Um um estado de silêncio, ele se conecta ao “campo profundo” do relaxamento, onde nos confiamos ao universo e a cura se torna possível.

Esta é a mensagem de Clif Sanderson, que desenvolveu há 40 anos um método de relaxamento (Deep Field Relaxation, DFR) da antiga sabedoria xamânica dos maoris.

A ideia básica é que cada pessoa pode se curar alcançando um estado de relaxamento profundo. Sanderson se referia a esse estado como “campo universal”, “campo informacional da criatividade”, “a fonte” ou “ponto zero”.

E não tem limites. Não há medo, tensão ou ansiedade nele . Você pode experimentar alegria e bem-estar, transformação pessoal e, finalmente, cura.

NÃO FAZER NADA

Existem três diferenças essenciais entre o DFR e qualquer outra técnica de relaxamento ou meditação. A primeira é que o terapeuta mergulha no mesmo estado de consciência que seu paciente.

O segundo é o fato de que o acompanha. O terceiro, que ambos assumem que não sabem a causa da doença e que não há nada de especial para fazer.

Eles só confiam no que acontece durante o relaxamento, enquanto ambos estão conectados a esse “campo universal”. Clif Anderson praticou sua terapia com resultados positivos em pessoas afetadas pelo desastre de Chernobyl.

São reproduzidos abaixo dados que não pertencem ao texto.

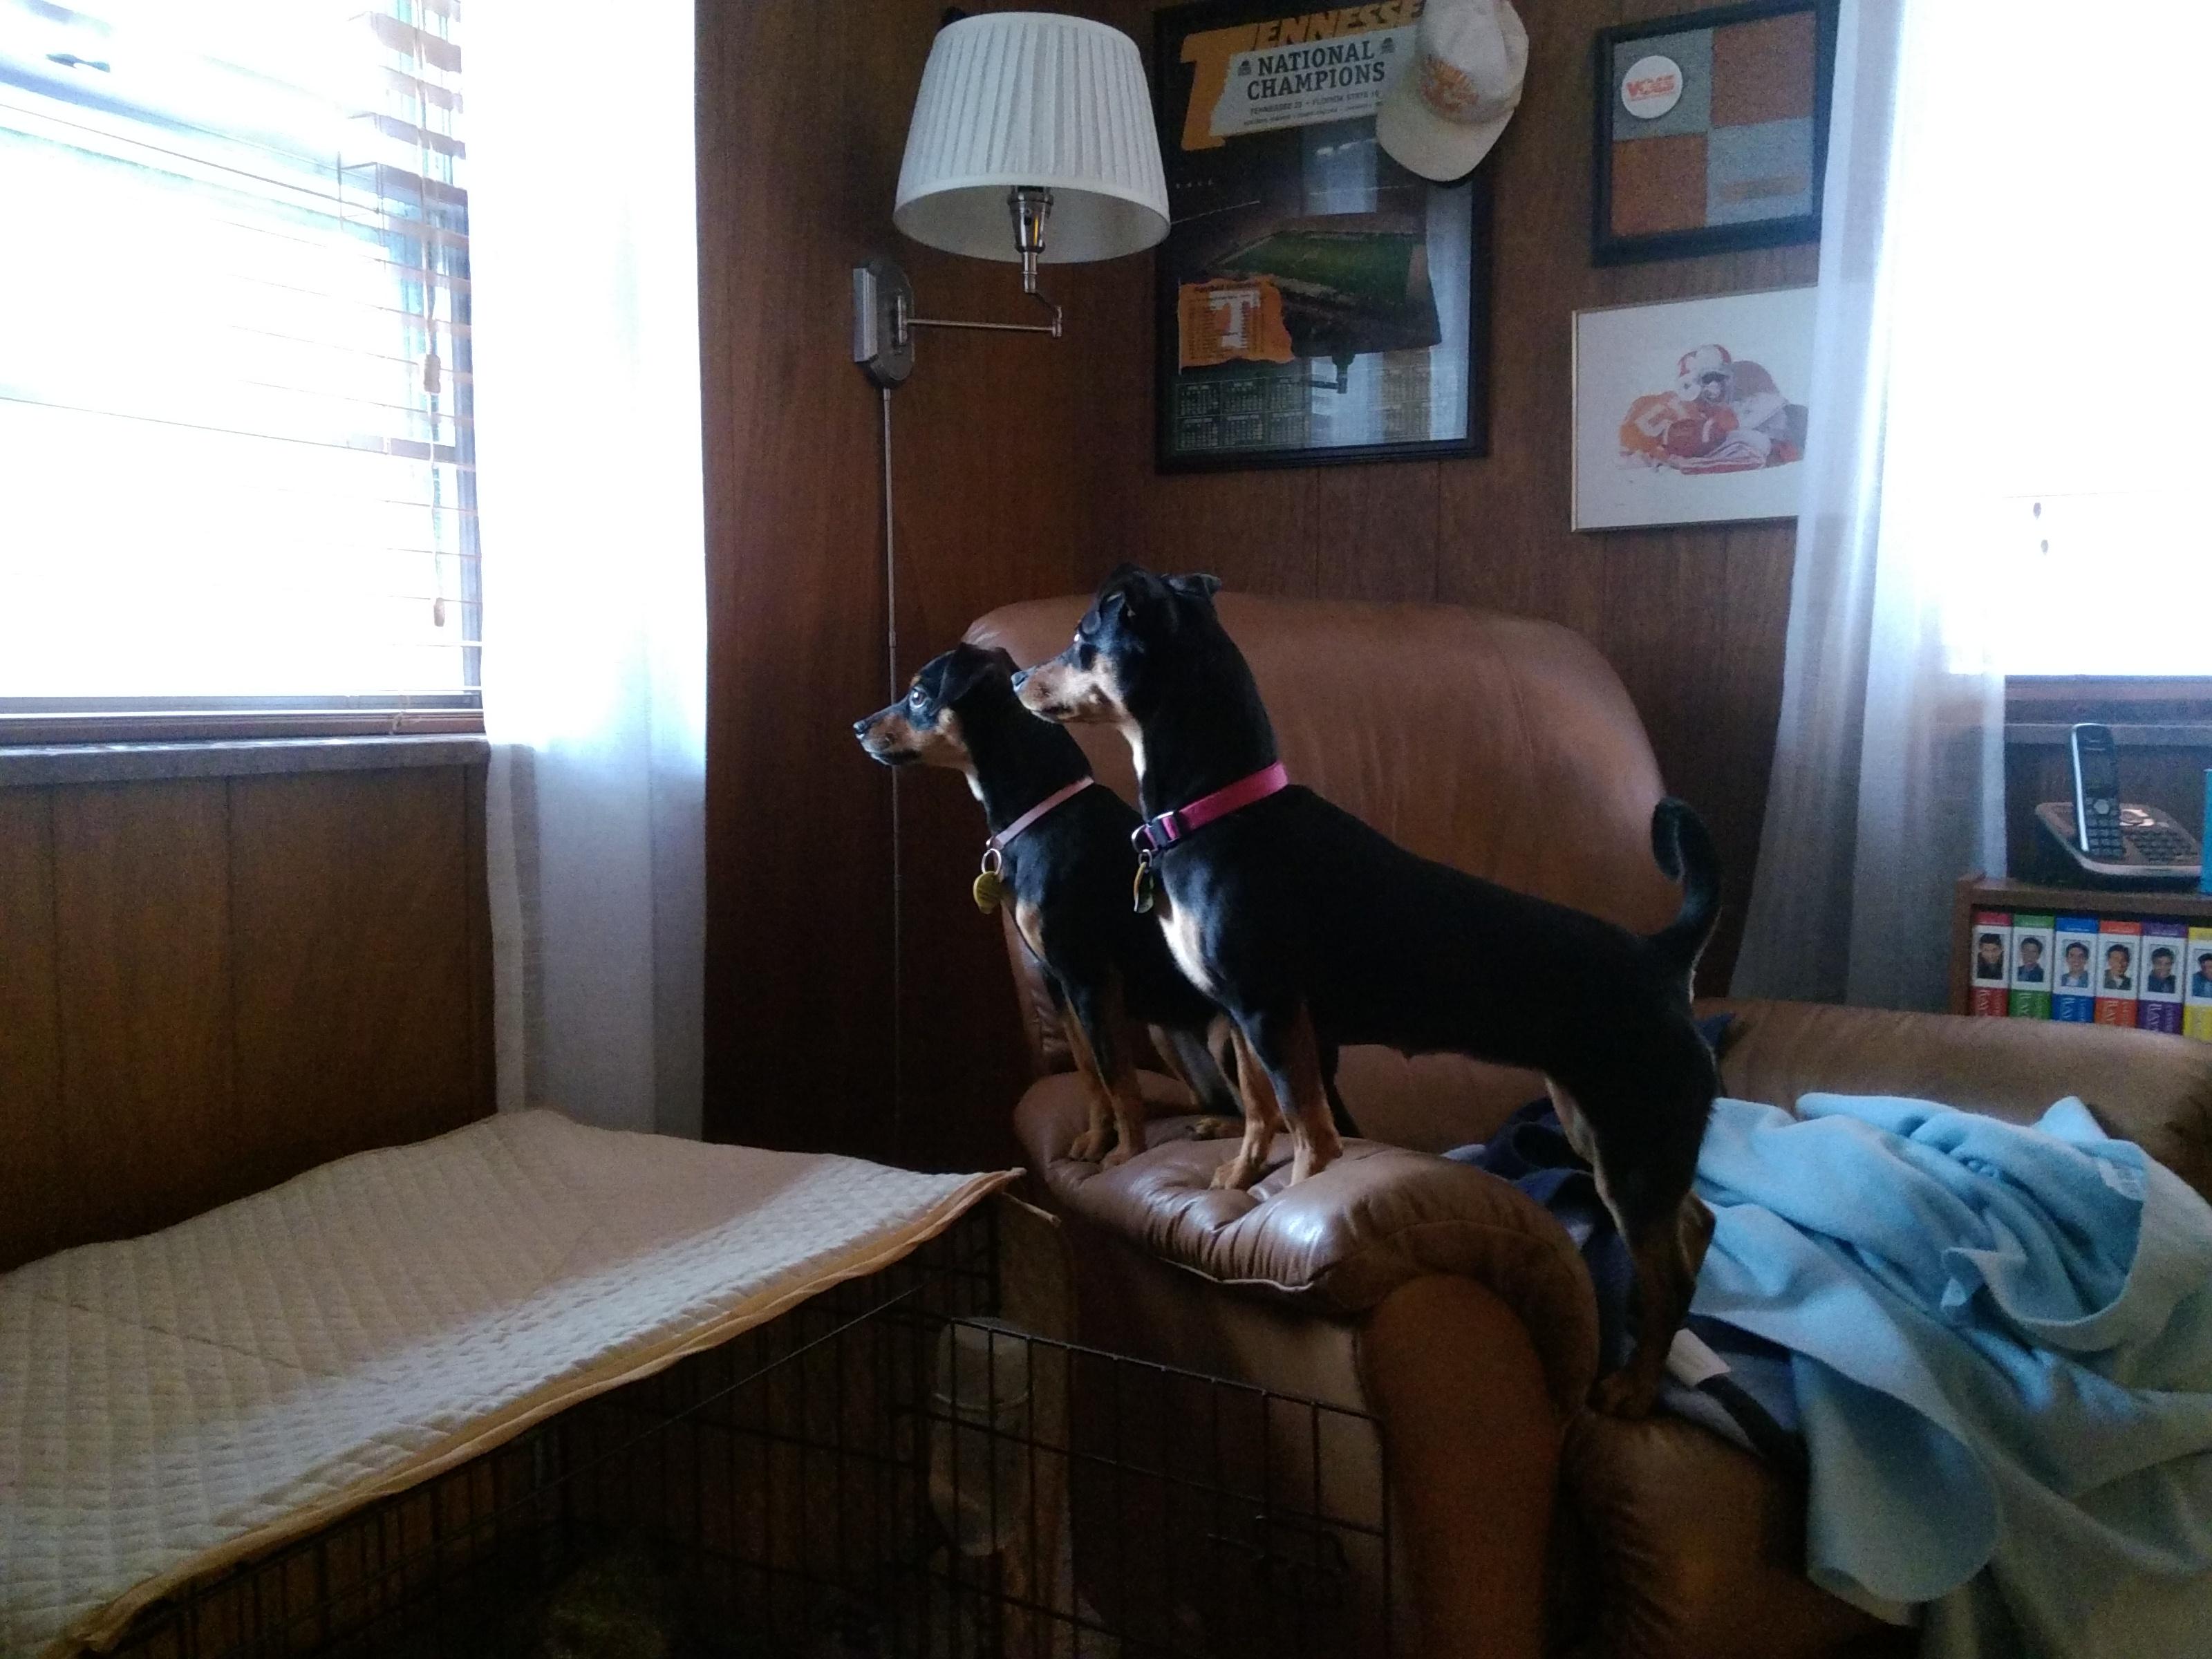 On guard through the window

O terapeuta mergulha no mesmo estado de consciência que seu paciente, conectado com esse “campo universal”

No DFR não há perguntas , mas o que acontece no momento é aceito. Se não sabemos por que a situação é como é, não sabemos o que precisa ser feito e, portanto, nada fazemos.

Durante a sessão, o terapeuta e o paciente ficam em silêncio em um estado de grande tranquilidade, sem perseguir nenhum objetivo.

Nesse momento de silêncio compartilhado, sente-se a união com o “campo profundo”. Então as mudanças são possíveis, porque a ordem natural do campo reinventa o corpo e o ser.

ACOMPANHADO SEM SER JULGADO

Um ser humano nunca está sozinho. Não estamos sozinhos no útero e não estamos sozinhos na sociedade, mas quando os espaços compartilhados são rompidos, dentro e fora de nós, a crise ocorre, perdemos o equilíbrio e caímos.

No DFR, o papel do terapeuta é acompanhar, sem fazer, sem processar. Crie um espaço seguro no qual o paciente possa relaxar e liberar.

Os praticantes do DFR carregam o espírito instantaneamente do silêncio em que milagres são possíveis

EM SILÊNCIO, SEM PENSAR

A respiração consciente e o silêncio são os instrumentos com os quais o estado de relaxamento profundo é alcançado. O terapeuta entra em seu próprio silêncio meditativo.

Nada se aplica, ele não se concentra nos sintomas ou nas causas da doença. Sua missão é simplesmente estar presente em um estado de paz interior que é transmitido ao paciente.

Esse estado é tão contagioso quanto uma risada sincera ou um bocejo. O papel dos terapeutas da DFR é levar o espírito instantaneamente ao silêncio em que milagres são possíveis.

O estado interno do terapeuta é empático. Toque delicadamente o paciente na cabeça ou nos ombros para lhe dar uma sensação de segurança.

Aceitar a ideia de não fazer nada é um desafio e, para isso, nos ajudará a conhecer a filosofia taoísta e wu wei, ” fazer em inação”. É sobre fluir com o rio, com energia universal. Relaxamos e deixamos o que acontece acontecer.